### AIM OF THE EXERCISE
Set down the data below in full and exactly, minus the pictures.

DATA BLOCK below:

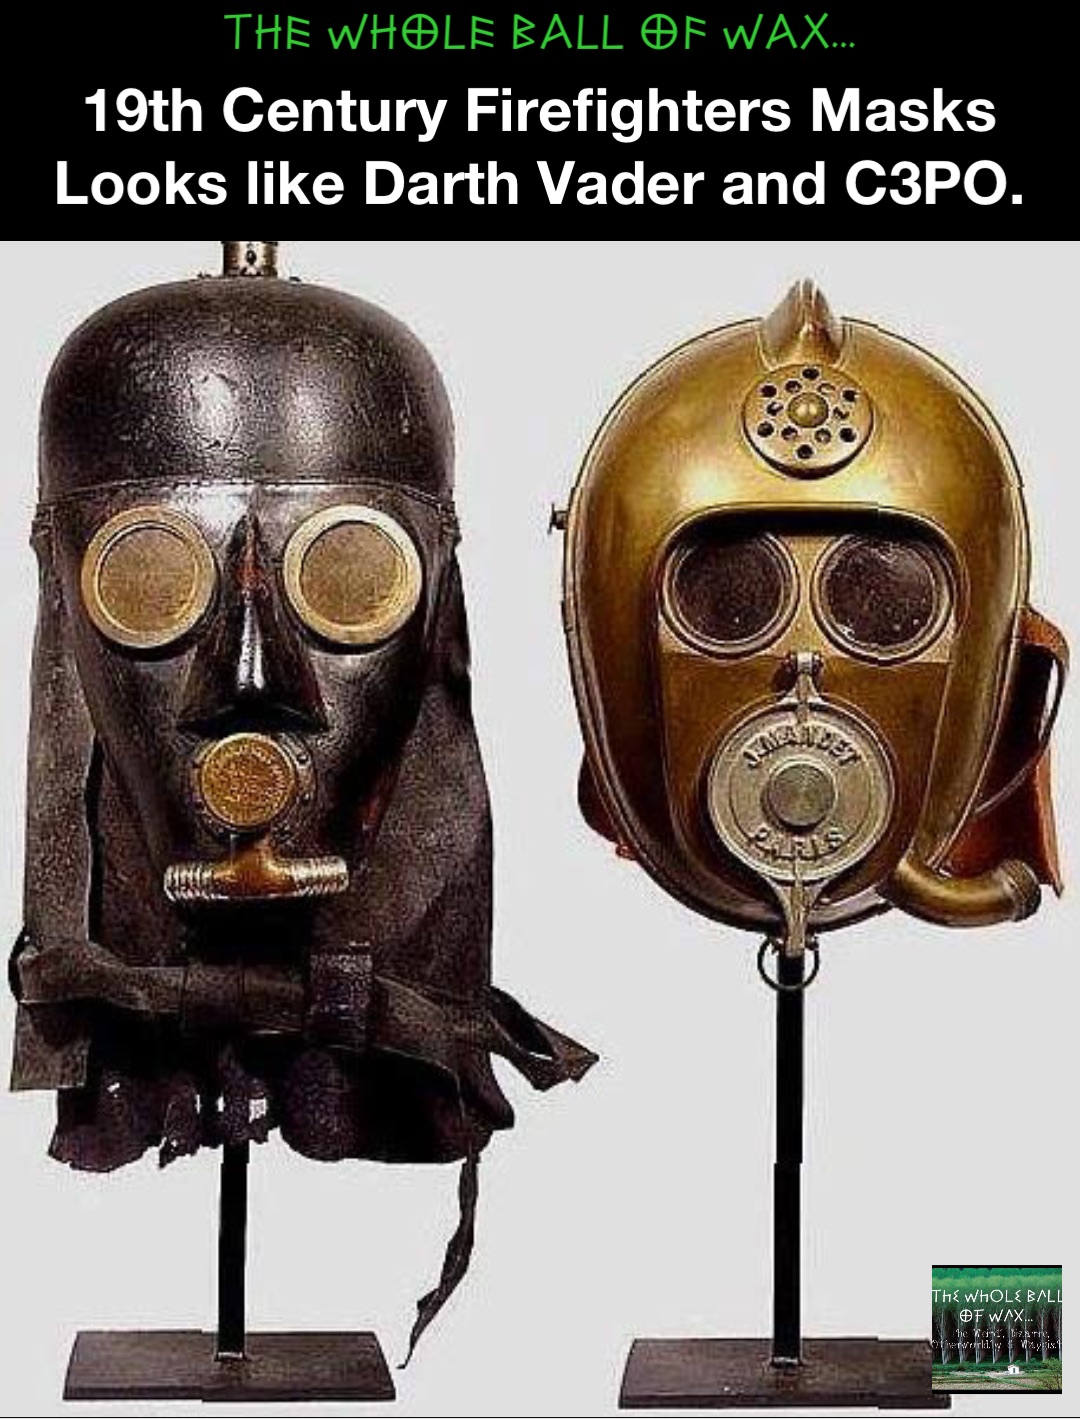 19th Century Firefighters Masks
Looks like Darth Vader and C3PO. Double tap to edit
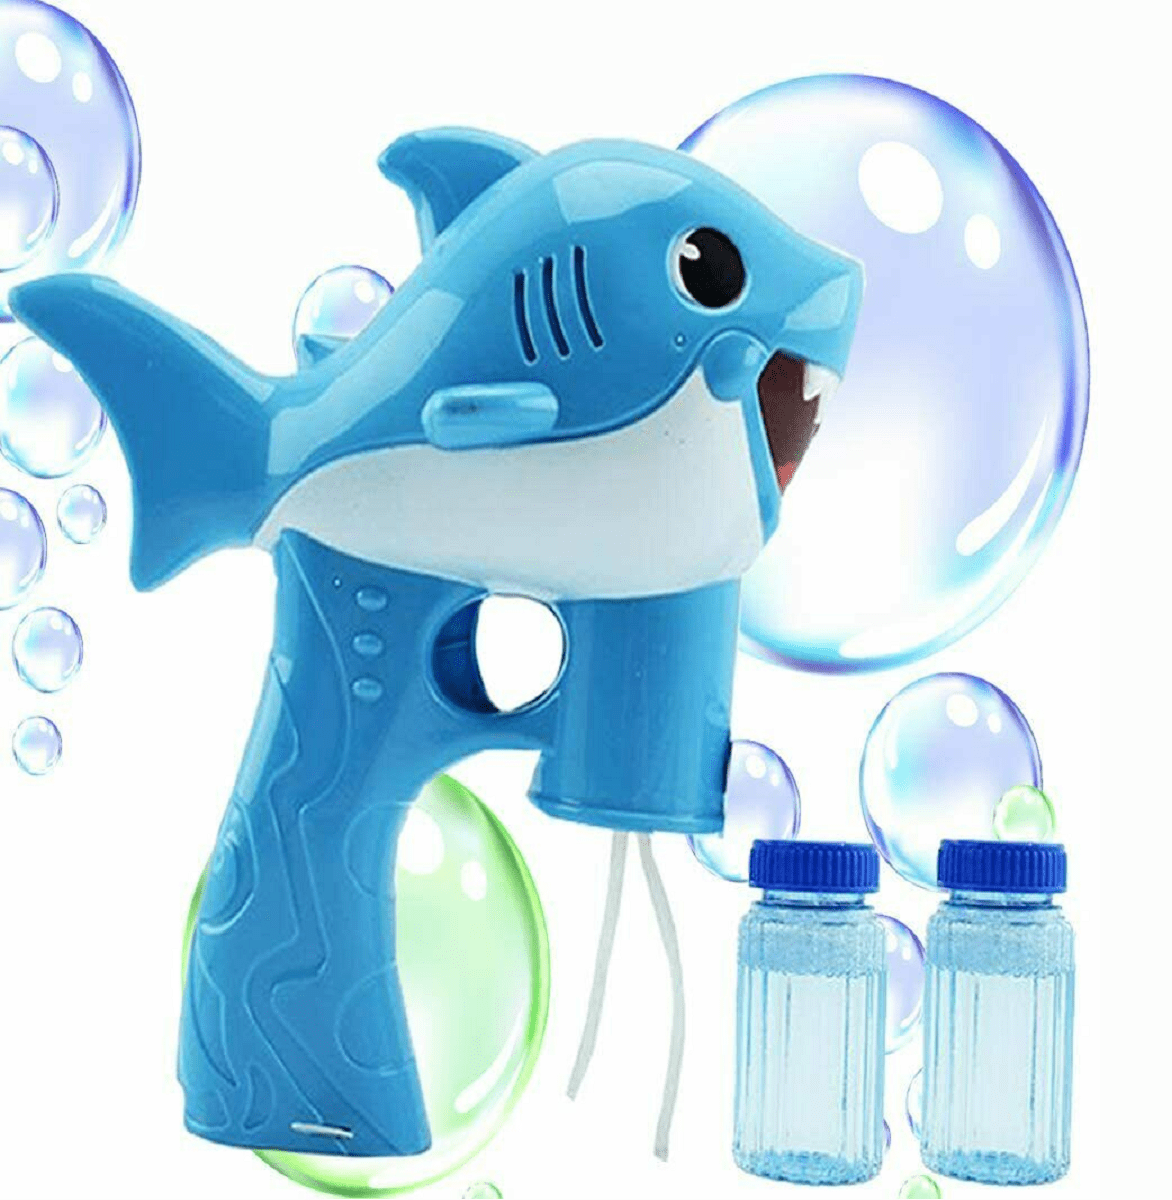 Outdoor Bubble Blaster Toy with Soap Solution New Bubble Gun Blower for Kids 
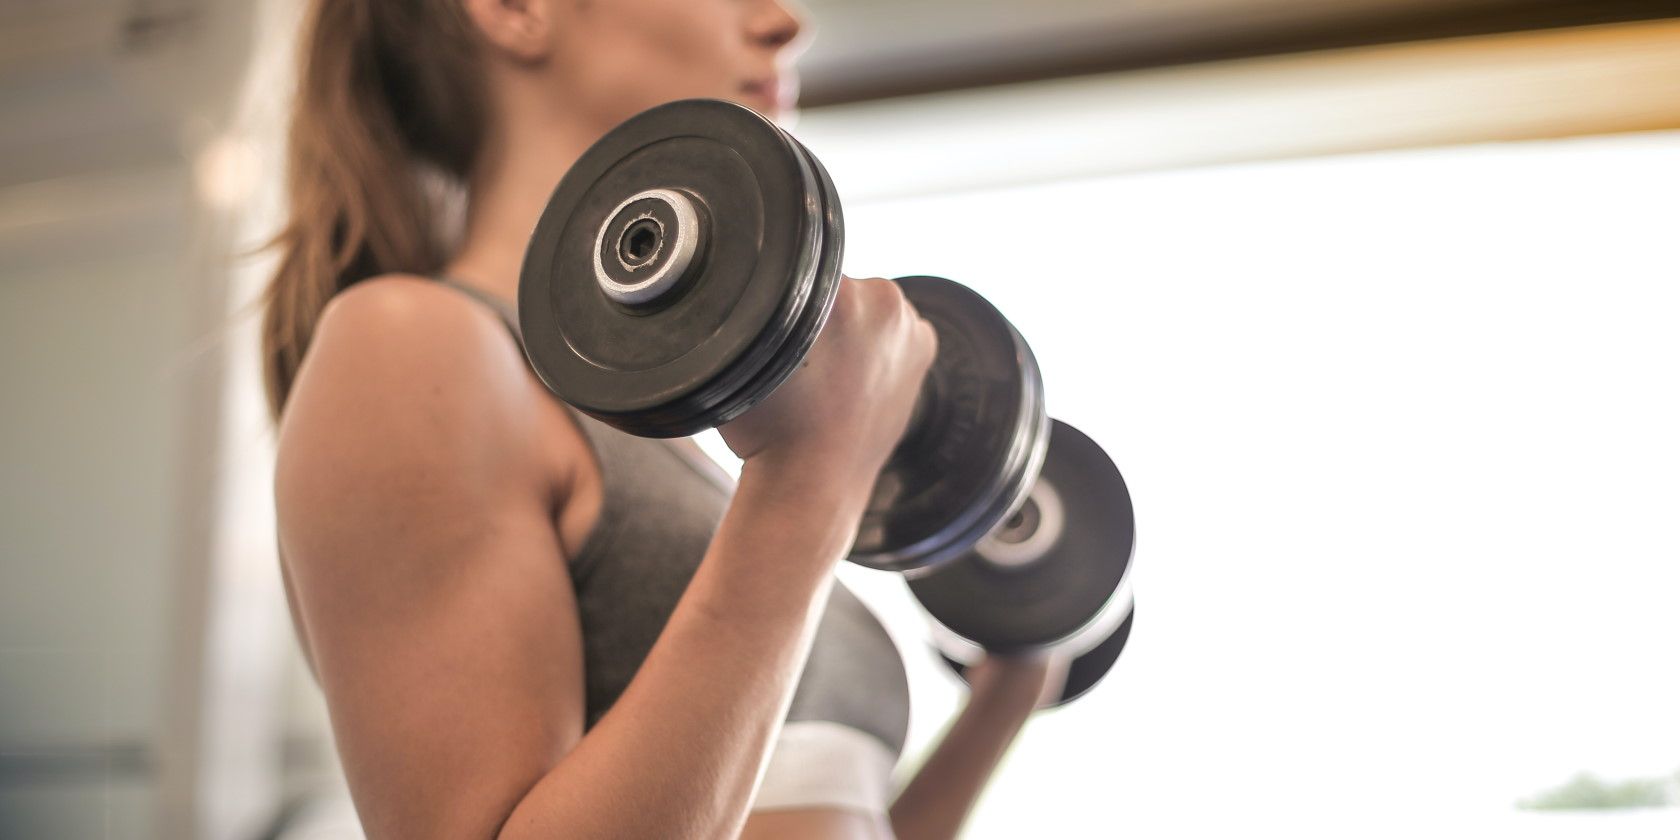 woman at the gym wearing grey sports top lifting black dumbbells

End of DATA BLOCK.

### SOLUTION BELOW
 19th Century Firefighters Masks
Looks like Darth Vader and C3PO. Double tap to edit
 Outdoor Bubble Blaster Toy with Soap Solution New Bubble Gun Blower for Kids 
 woman at the gym wearing grey sports top lifting black dumbbells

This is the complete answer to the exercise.